Soprattutto, continua a essere centrale il tema della qualificazione, che rappresenta il vero presidio del sistema. Anche per le lavorazioni nuove, l’esecuzione resta subordinata al possesso dei requisiti in capo ai soggetti coinvolti.

In questa prospettiva, il parere si inserisce in continuità con l’impostazione dell’art. 119, che ha superato i limiti rigidi generalizzati mantenendo però un sistema fondato su controlli sostanziali.

La soluzione offerta dal MIT appare complessivamente coerente con l’impianto del Codice, ma si fonda su un passaggio interpretativo che merita attenzione.

Il punto centrale è che i limiti quantitativi al subappalto risultano costruiti in relazione alle categorie individuate nella lex specialis.
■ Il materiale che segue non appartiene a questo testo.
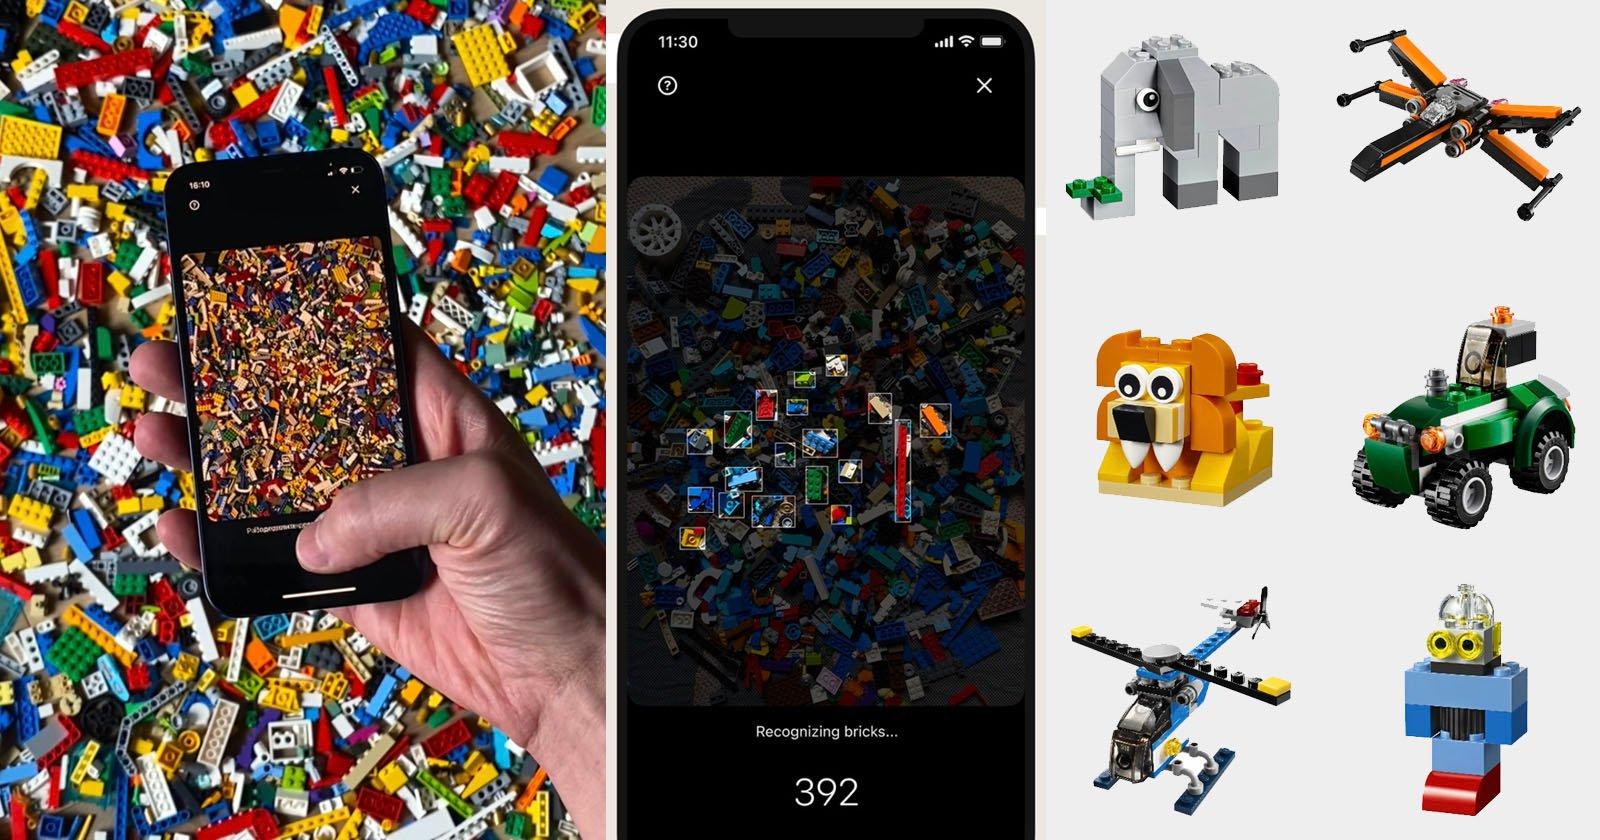 La fotocamera AI di Brickit scansiona i tuoi LEGO per suggerire cose che puoi costruire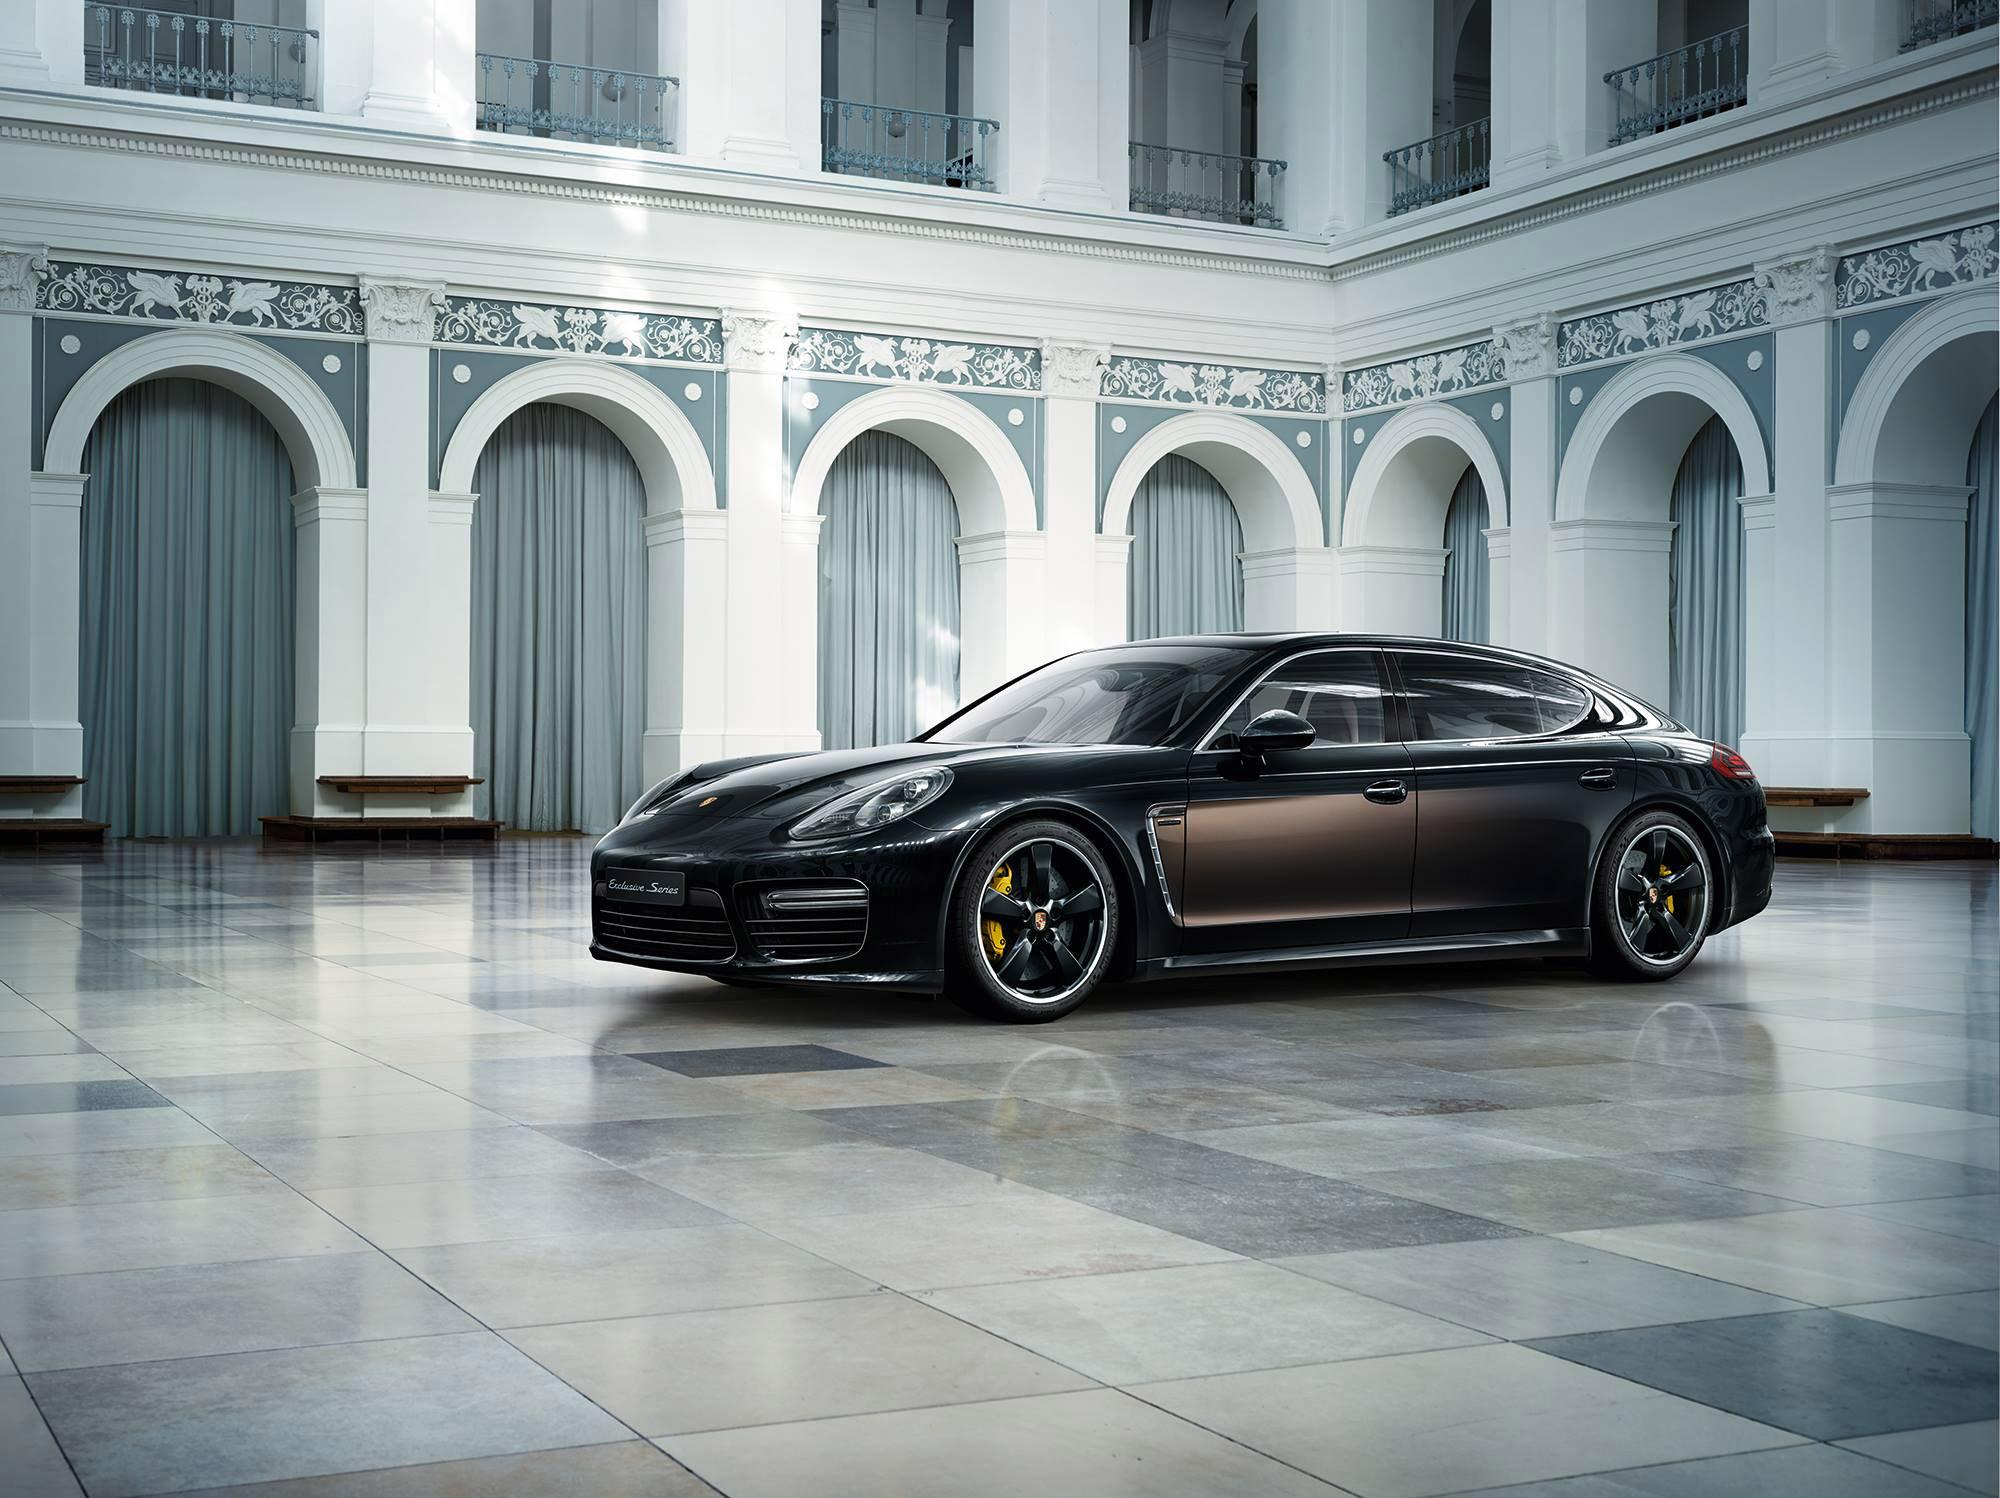 Porsche Macan Gts >> Porsche Panamera Turbo S Executive Exclusive Series ...

Quando le lavorazioni introdotte in corso d’opera non sono riconducibili a tali categorie, viene meno il riferimento su cui applicare quei limiti e da qui deriva la possibilità di subappaltarle integralmente.

Si tratta di una lettura che presenta una sua coerenza, ma che non esaurisce del tutto le possibili interpretazioni.

Una diversa impostazione potrebbe infatti valorizzare il principio di esecuzione diretta dell’appalto, ritenendo che anche in presenza di lavorazioni nuove debba comunque essere preservato un equilibrio tra attività affidata a terzi e responsabilità dell’appaltatore.

In questa prospettiva, un eventuale contenzioso potrebbe spostare l’attenzione non tanto sull’assenza di limiti percentuali, quanto sulla dimensione e sull’incidenza delle lavorazioni supplementari rispetto al contratto complessivo, oltre che sulla presenza o meno di una valutazione consapevole da parte della stazione appaltante.

È proprio su questo terreno che la scelta operata in fase di modifica contrattuale assume un rilievo decisivo.

Il parere MIT fornisce indicazioni che incidono in modo diretto sulla gestione delle modifiche contrattuali.

Quando vengono introdotti lavori supplementari, il primo passaggio è capire se tali lavorazioni si inseriscono nelle categorie già previste oppure se introducono categorie ulteriori. È da questa qualificazione che dipende il regime applicabile.

Se si è in presenza di categorie ulteriori e non sono stati previsti obblighi di esecuzione diretta, le lavorazioni possono essere integralmente subappaltate, senza che trovino applicazione i limiti quantitativi riferiti alle categorie originarie.

Resta però fermo un punto che non può essere trascurato. Deve essere sempre verificato il possesso dei requisiti di qualificazione in capo ai soggetti coinvolti.

La fase decisiva resta quella in cui viene adottata la modifica contrattuale, perché è in quel momento che la stazione appaltante può scegliere se introdurre limiti all’esecuzione indiretta delle nuove lavorazioni.

Se questa scelta non viene compiuta, il sistema consente il ricorso al subappalto anche per l’intera lavorazione supplementare, fermo restando il rispetto delle condizioni poste dal Codice e, soprattutto, dei requisiti di qualificazione.